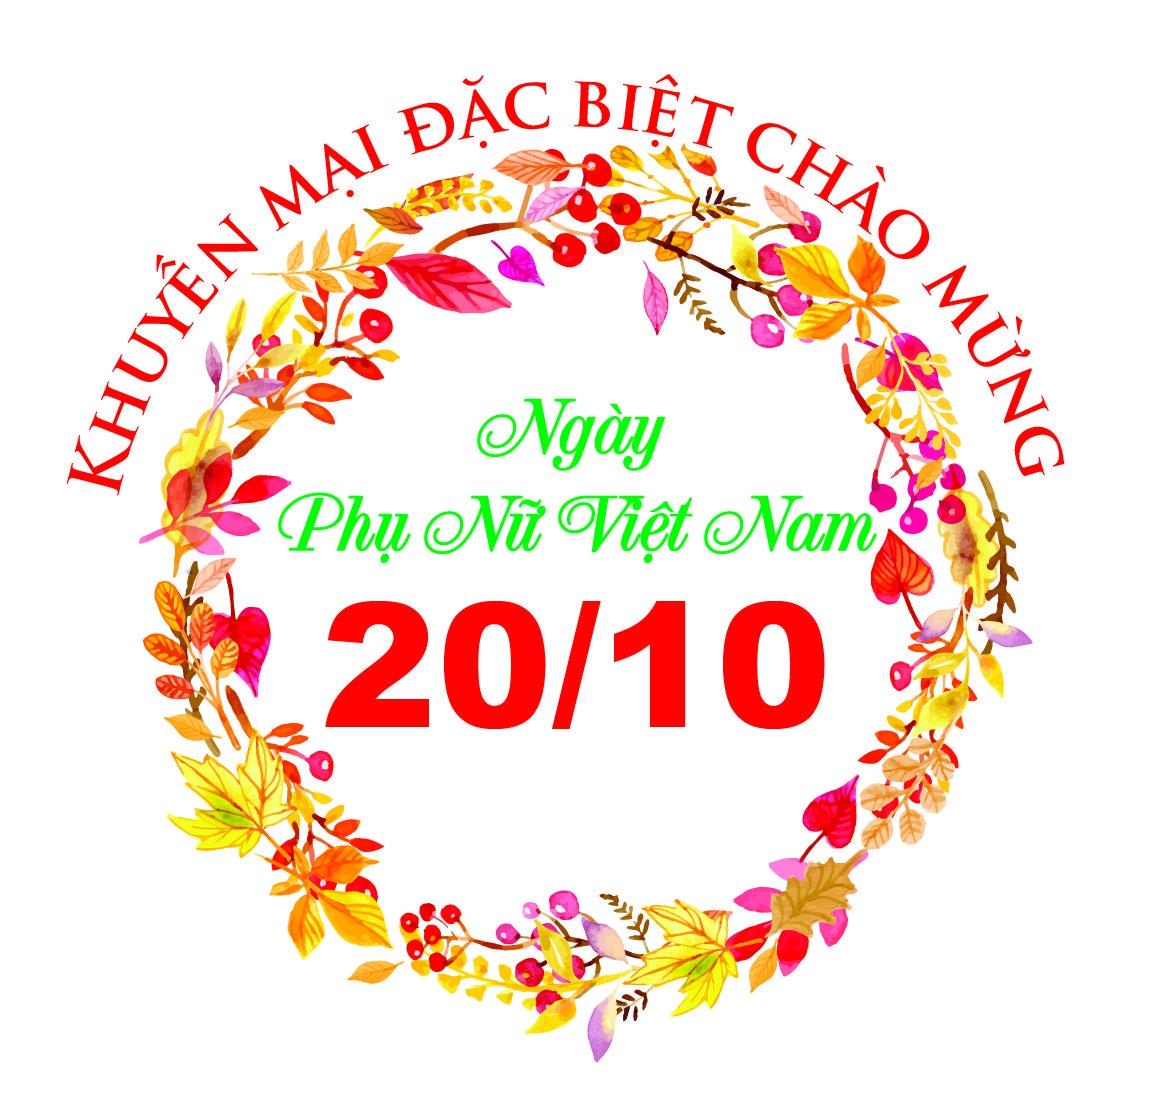 KHUYEN MAI DAC BIET CHAO MUNG 20/10
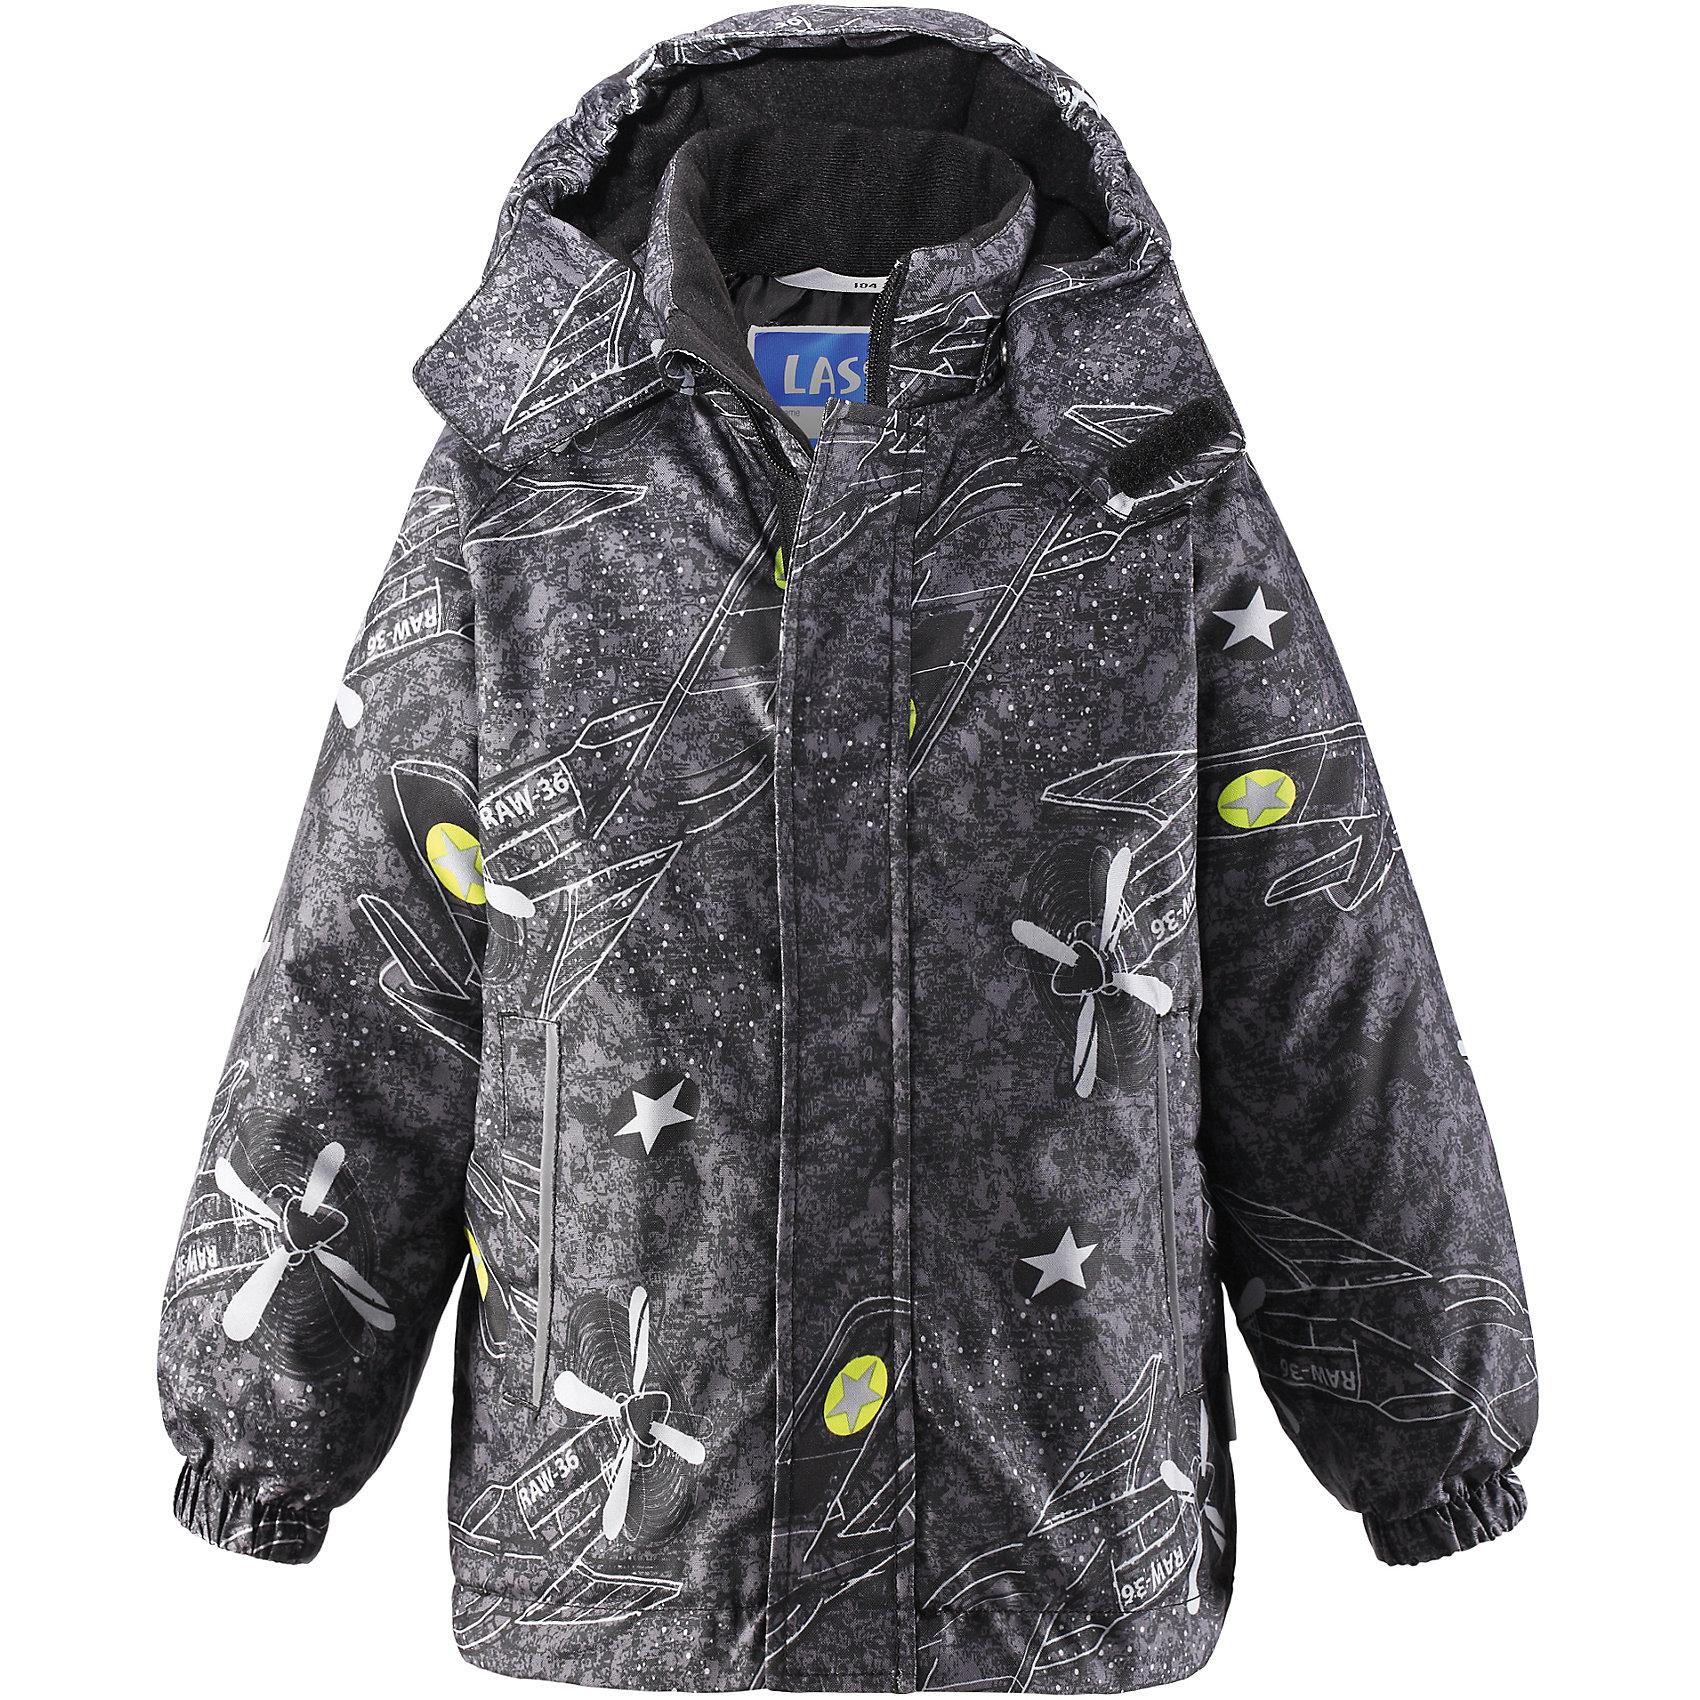 Куртка для мальчика LASSIEОдежда<br>Зимняя куртка для детей известной финской марки.<br><br>- Прочный материал. Водоотталкивающий, ветронепроницаемый, «дышащий» и грязеотталкивающий материал. <br>- Крой для девочек. <br>- Гладкая подкладка из полиэстра.<br>- Средняя степень утепления.<br>-  Безопасный, съемный капюшон. <br>- Эластичные манжеты. Карманы в боковых швах.<br>-  Принт по всей поверхности.  <br><br>Рекомендации по уходу: Стирать по отдельности, вывернув наизнанку. Застегнуть молнии и липучки. Соблюдать температуру в соответствии с руководством по уходу. Стирать моющим средством, не содержащим отбеливающие вещества. Полоскать без специального средства. Сушение в сушильном шкафу разрешено при  низкой температуре.<br><br>Состав: 100% Полиамид, полиуретановое покрытие.  Утеплитель «Lassie wadding» 180гр.<br><br>Ширина мм: 356<br>Глубина мм: 10<br>Высота мм: 245<br>Вес г: 519<br>Цвет: серый<br>Возраст от месяцев: 24<br>Возраст до месяцев: 36<br>Пол: Мужской<br>Возраст: Детский<br>Размер: 98,104,110,116,122,128,134,140,92<br>SKU: 4782308
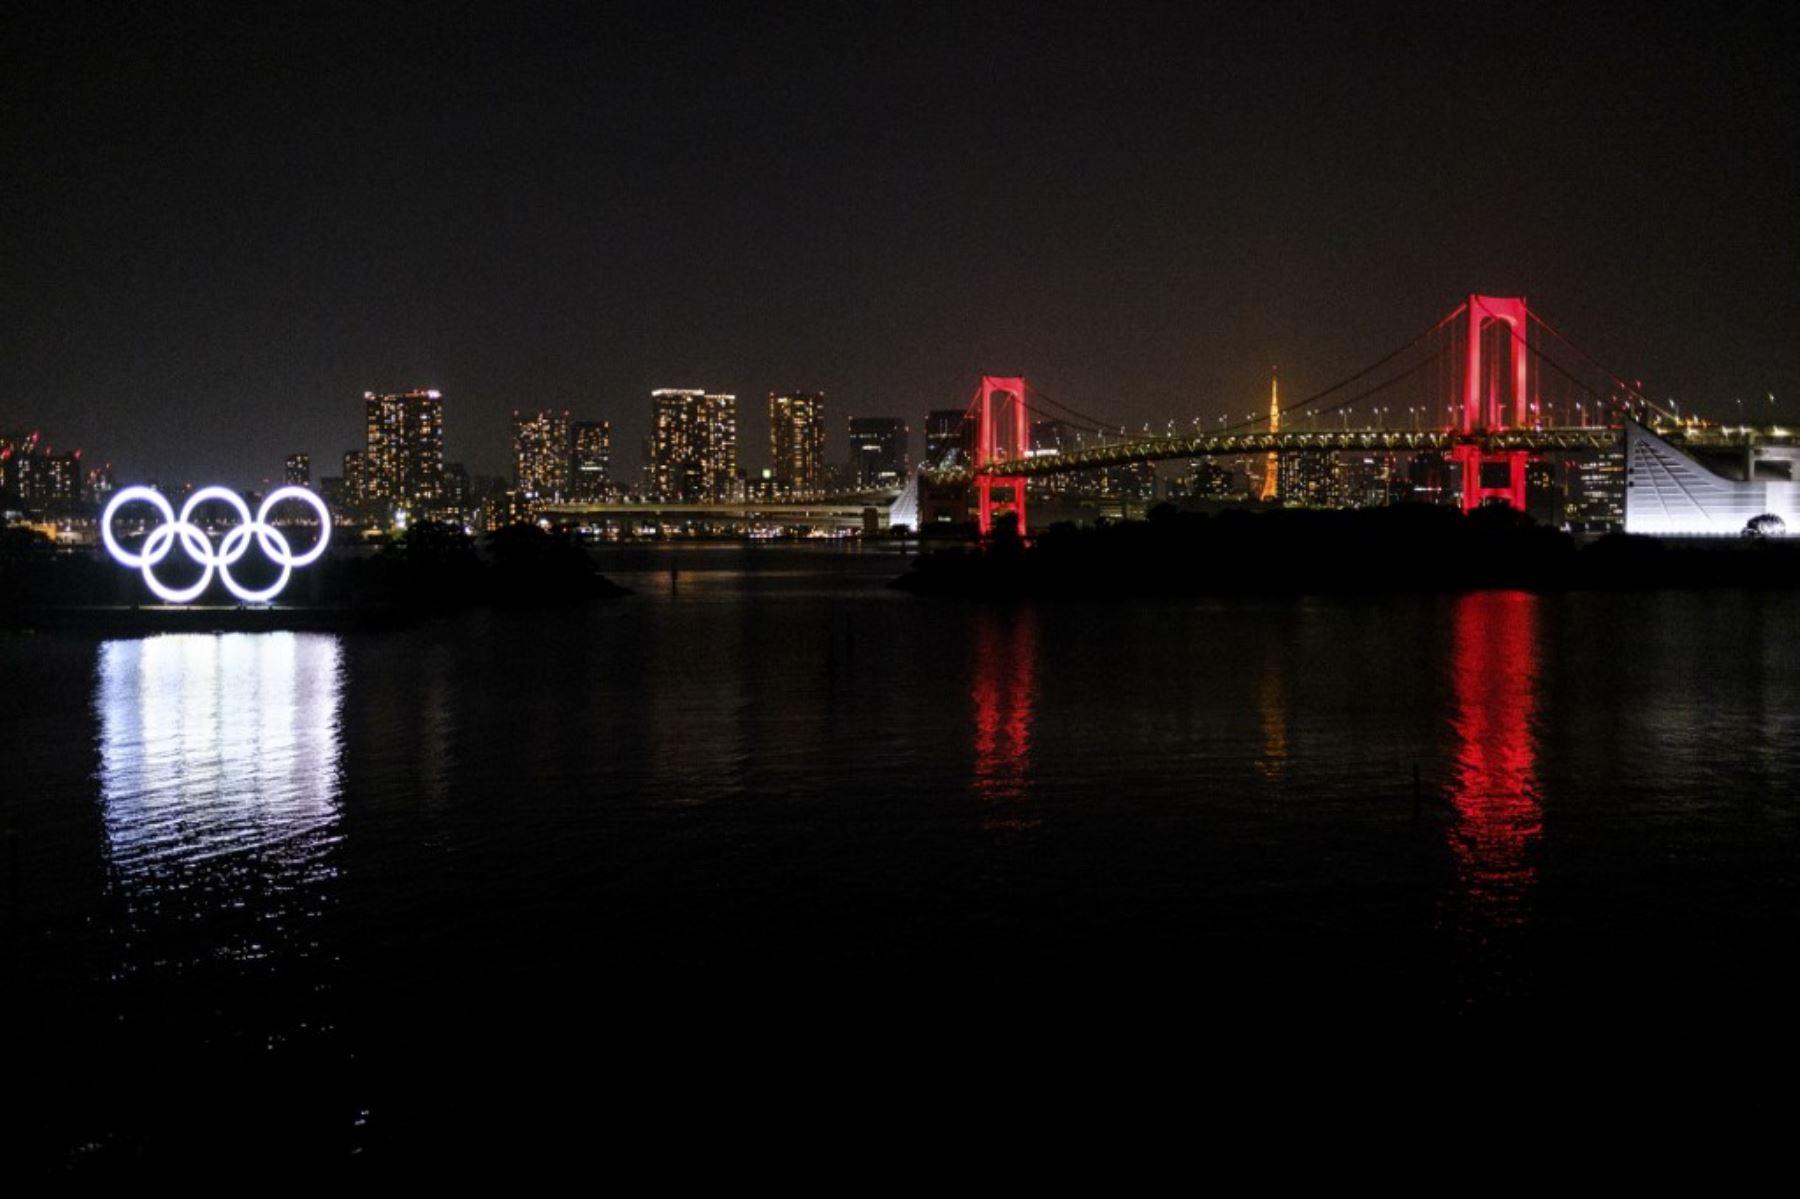 Los anillos olímpicos se ven junto con el Puente del Arco Iris iluminado en rojo por la noche, después de que el gobierno de Tokio decidió emitir una alerta debido a un aumento en los casos de coronavirus COVID-19 en Tokio. Foto: AFP

..........

_ASSIGNMENT_: Pictures excluded, copy exactly the lines running from the one with "Куртка для мальчика" through the last line of the material.

_REPLY_:
 Куртка для мальчика LASSIEОдежда<br>Зимняя куртка для детей известной финской марки.<br><br>- Прочный материал. Водоотталкивающий, ветронепроницаемый, «дышащий» и грязеотталкивающий материал. <br>- Крой для девочек. <br>- Гладкая подкладка из полиэстра.<br>- Средняя степень утепления.<br>-  Безопасный, съемный капюшон. <br>- Эластичные манжеты. Карманы в боковых швах.<br>-  Принт по всей поверхности.  <br><br>Рекомендации по уходу: Стирать по отдельности, вывернув наизнанку. Застегнуть молнии и липучки. Соблюдать температуру в соответствии с руководством по уходу. Стирать моющим средством, не содержащим отбеливающие вещества. Полоскать без специального средства. Сушение в сушильном шкафу разрешено при  низкой температуре.<br><br>Состав: 100% Полиамид, полиуретановое покрытие.  Утеплитель «Lassie wadding» 180гр.<br><br>Ширина мм: 356<br>Глубина мм: 10<br>Высота мм: 245<br>Вес г: 519<br>Цвет: серый<br>Возраст от месяцев: 24<br>Возраст до месяцев: 36<br>Пол: Мужской<br>Возраст: Детский<br>Размер: 98,104,110,116,122,128,134,140,92<br>SKU: 4782308
 Los anillos olímpicos se ven junto con el Puente del Arco Iris iluminado en rojo por la noche, después de que el gobierno de Tokio decidió emitir una alerta debido a un aumento en los casos de coronavirus COVID-19 en Tokio. Foto: AFP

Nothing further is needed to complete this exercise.